Fujifilm X-H2 vs X-H2s
(Image credit: Future)

The Fujifilm X-H2S is one of the most impressive cameras we have seen this year - and now it has an almost identical-looking sibling in the shape of the Fujifilm X-H2. So in the Fujifilm X-H2 vs X-H2S face-off, what are the key differences - and do you pick which of the two is the best for your needs?

From the outside, these are more than identical twins - as the placement of every button, dial, screen, and slot is exactly the same. They weigh the same - and they measure the same. And if it wasn't for the big S on the front of Fujifilm X-H2S (opens in new tab) - which is missing from the Fujfilm X-H2 (opens in new tab) - you couldn't pick them apart in an identity parade. And even if they are turned out, only the full names written top left above the LCD screen are the sole distinguishing marks.

(Image credit: Future)

Fujifilm X-H2 vs X-H2s: what's different?

But beneath the surface, there is much more to the Fujifilm X-H2 vs X-H2S conundrum…

We have as yet not fully tested the X-H2, but here is a rundown of the other key difference between the two models that we have so far identified:

  • The price - the X-H2 is $500 cheaper, at $1,999
  • The X-H2 doesn't have the X-H2S's high-speed stacked-layer CMOS sensor, so can't give the same readout speed performance
  • X-H2 can shoot 8k at 30fps; the X-H2 is limited to 6.2k
  • The X-H2 doesn't have the X-H2's Open Gate mode - which records video using all the sensor's pixels, which is useful for anamorphic shooting
  • 13+ stops of dynamic range on the X-H2, so not the 14+ stops of the X-H2S (when using F-Log)
  • 1/88sec sensor scan time which means a much more noticeable rolling shutter effect than the X-H2s (which has a scan time of 1/180sec)
  • X-H2 has increased 3.33m PDAF points, compared to 2.13m on the X-H2S
  • 20fps blackout-free shooting on the X-H2, whilst the X-H2S doubles this motordrive speed to 40fps
  • Inferior focus-tracking performance on X-H2 (due to the different sensor types)
  • X-H2 has a higher maximum electronic speed of 1/180,000s (on the X-2S it is 1/32,000sec). This could be used to allow you to shoot at ultra-wide apertures in very bright light (without an ND filter), or for high-speed photography (if lit with very bright light source)
  • Base ISO 125 on X-H2, compared to ISO 160 on X-H2S
  • Added 4:3/5:4 ratios for JPEG and HEIF
  • X-H2 adds 8K 30p video
  • 4K video only goes up to 60p on X-H2, not 120p
  • The X-H2 offers a 160-megapixel multishot mode - combining a 20-shot sequence to create a super-high resolution image in post
  • X-H2 adds an AI auto white balance mode (although this may come to the X-H2S as a firmware update)

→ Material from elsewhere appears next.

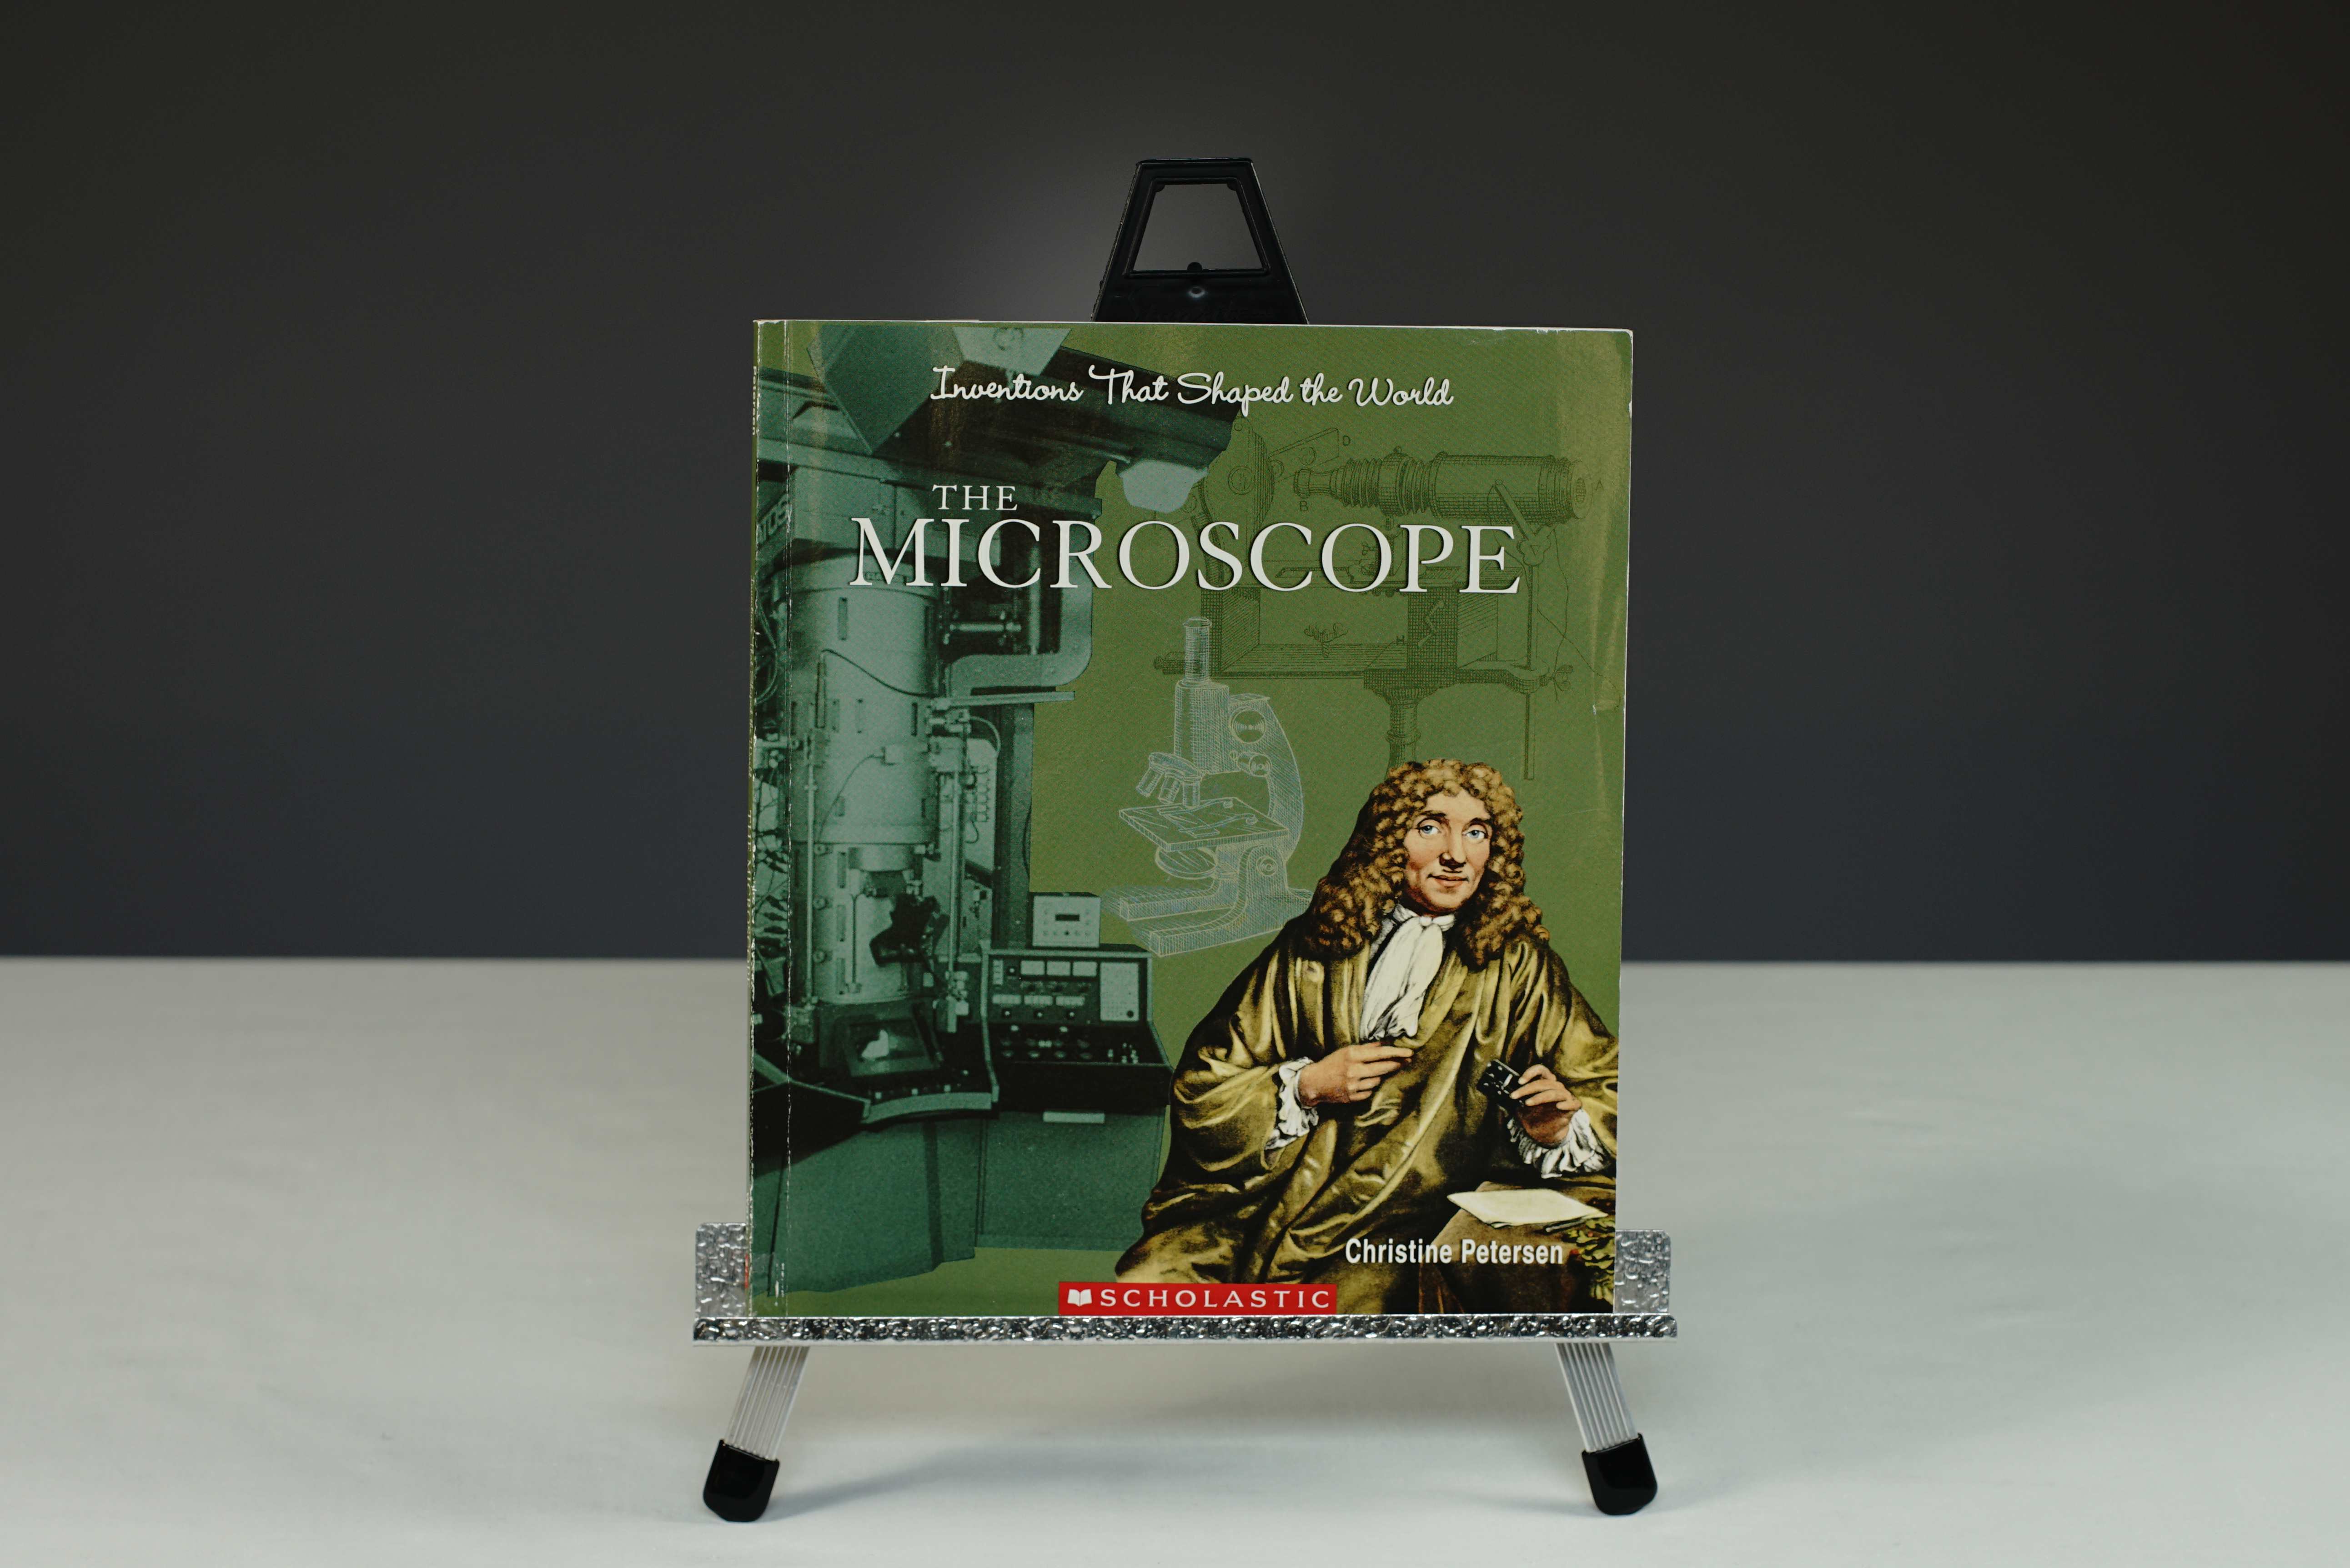 Inventions That Shaped the World – The Microscope Book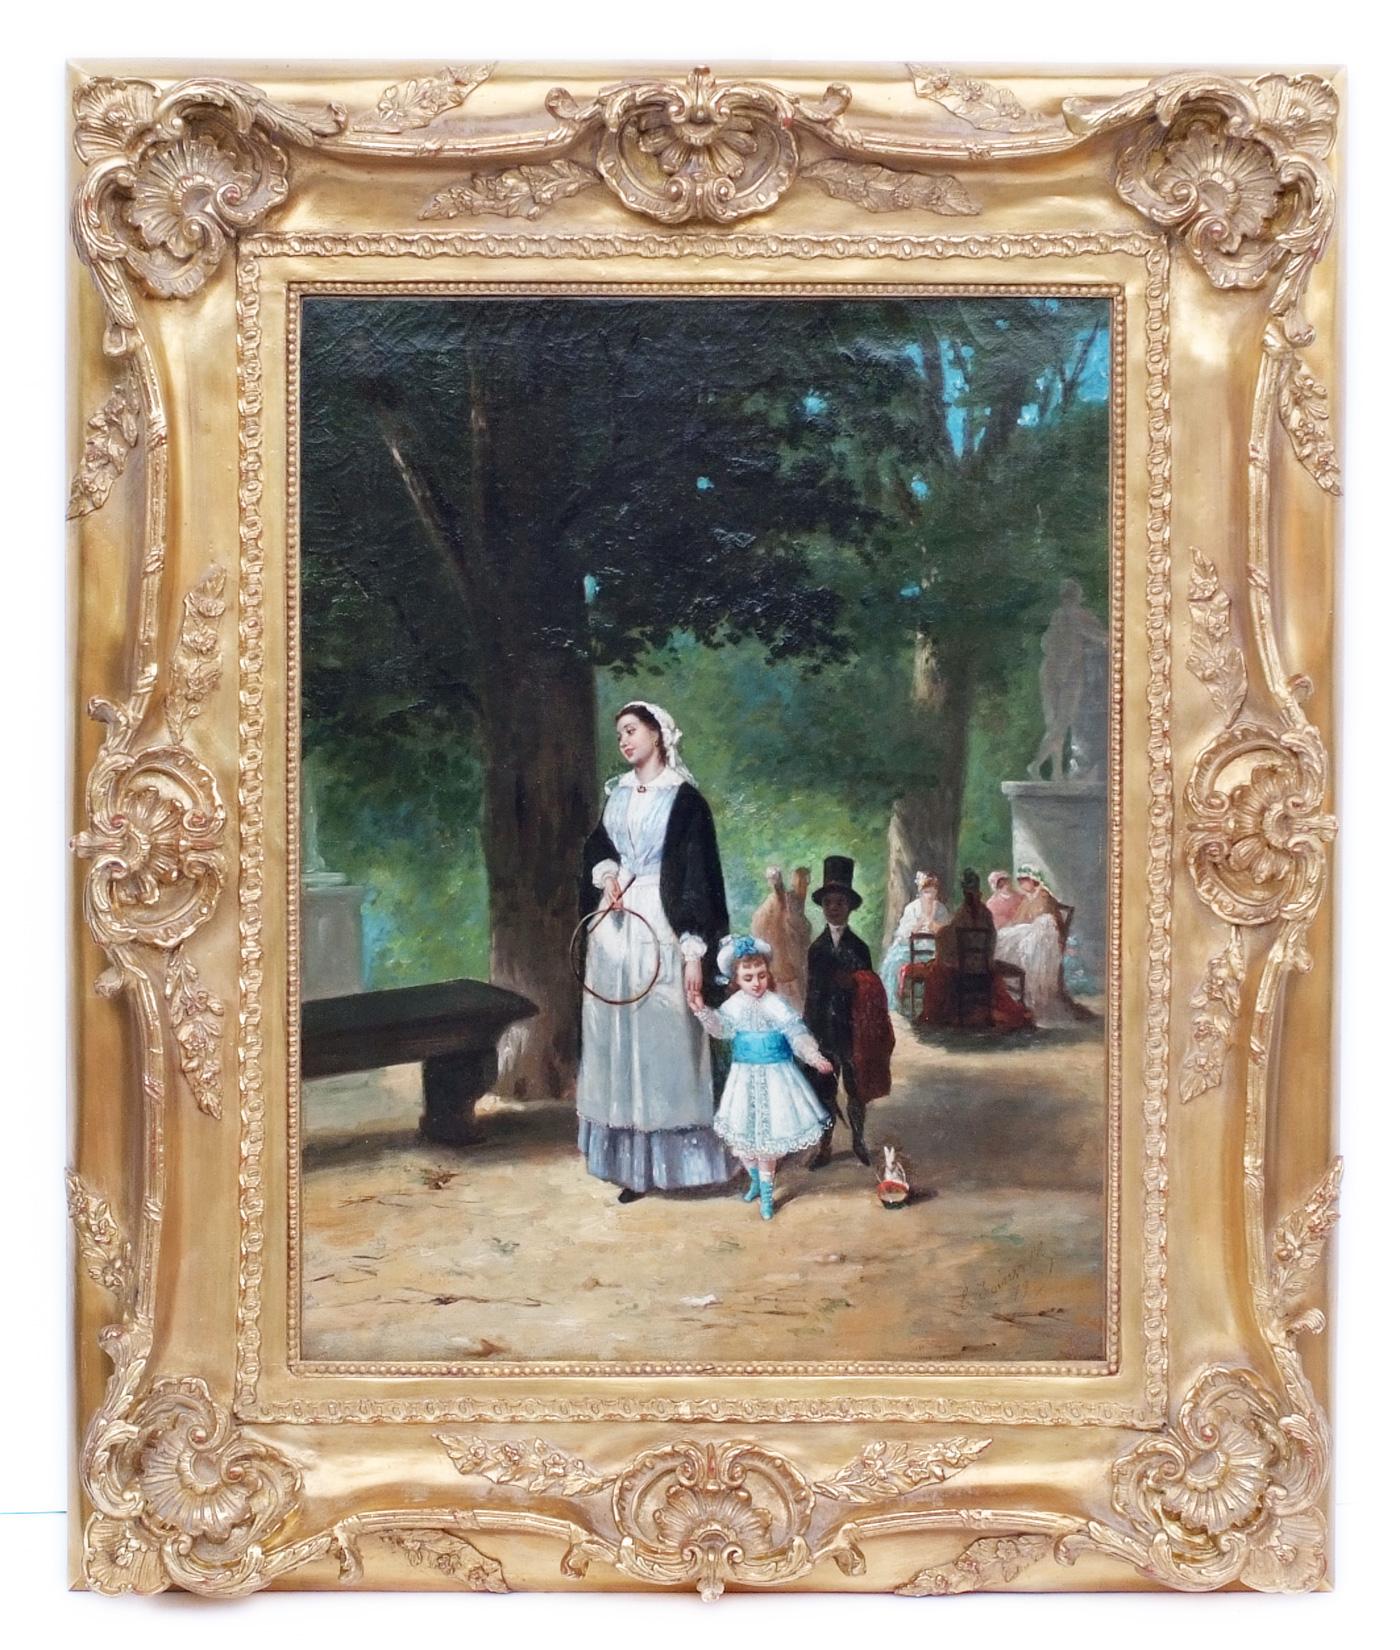 Ludwig KNAUS  Portrait Painting - The walk in Luxembourg Garden in Paris, also called "The Privileged"

Fujifilm X-H2 vs X-H2s: what's the same?

(Image credit: Future)

Of course, many of the key features of the X-H2 and X-H2S are identical, of course – here are some of the more important: 

  • Body design and button layout
  • Weather sealing
  • Electronic viewfinder (EVF), 5.76M dots, 120fps
  • Vari-angle LCD screen
  • 5-axis in-body image stabilization 
  • Dual card slots - CFexpress Type B + UHS-II SD
  • 10-bit 4:2:2 video recording internally, or 12-bit RAW via HDMI and an Atomos or Blackmagic recorder
  • Connections and ports (including mic and headphone jacks, and a full-size HDMI)
  • Battery and accessories (including vertical battery grip, the upcoming file transfer grip, and a cooling fan for prolonged video recording)
  • Image processing engine

See our Fujifilm X-H2S review and our X-H2 hands-on with sample images (opens in new tab)

Fujifilm X-H2 vs X-H2s: so how do you decide?

(Image credit: Future)

The easy way, perhaps, to pick the two cameras apart is to think of the X-H2S for speed, and the X-H2 is designed for resolution. But as the H in the name might imply - both of the 2022 X-H models are hybrid cameras (opens in new tab) - designed for those that need high-performance video as well as great stills shooting.

Fujifilm themselves talk about the X-H2S appealing to those that need the faster autofocus - so those shooting sport, aircraft, or wildlife say. And that the X-H2's higher resolution, means it is more attractive to commercial, product and landscape shooters.

But the significant saving in going for the X-H2 is probably going to be the key thing that will make people make the decision. Getting the resolution of a world-beating still for a camera of this type, and 8K video at this price, make this the go-to choice for most people.

Those who need the more esoteric additional features of the X-H2s, will know their benefits and will be prepared to pay the extra. But for most users, the more affordable X-H2 will be the one to go for. 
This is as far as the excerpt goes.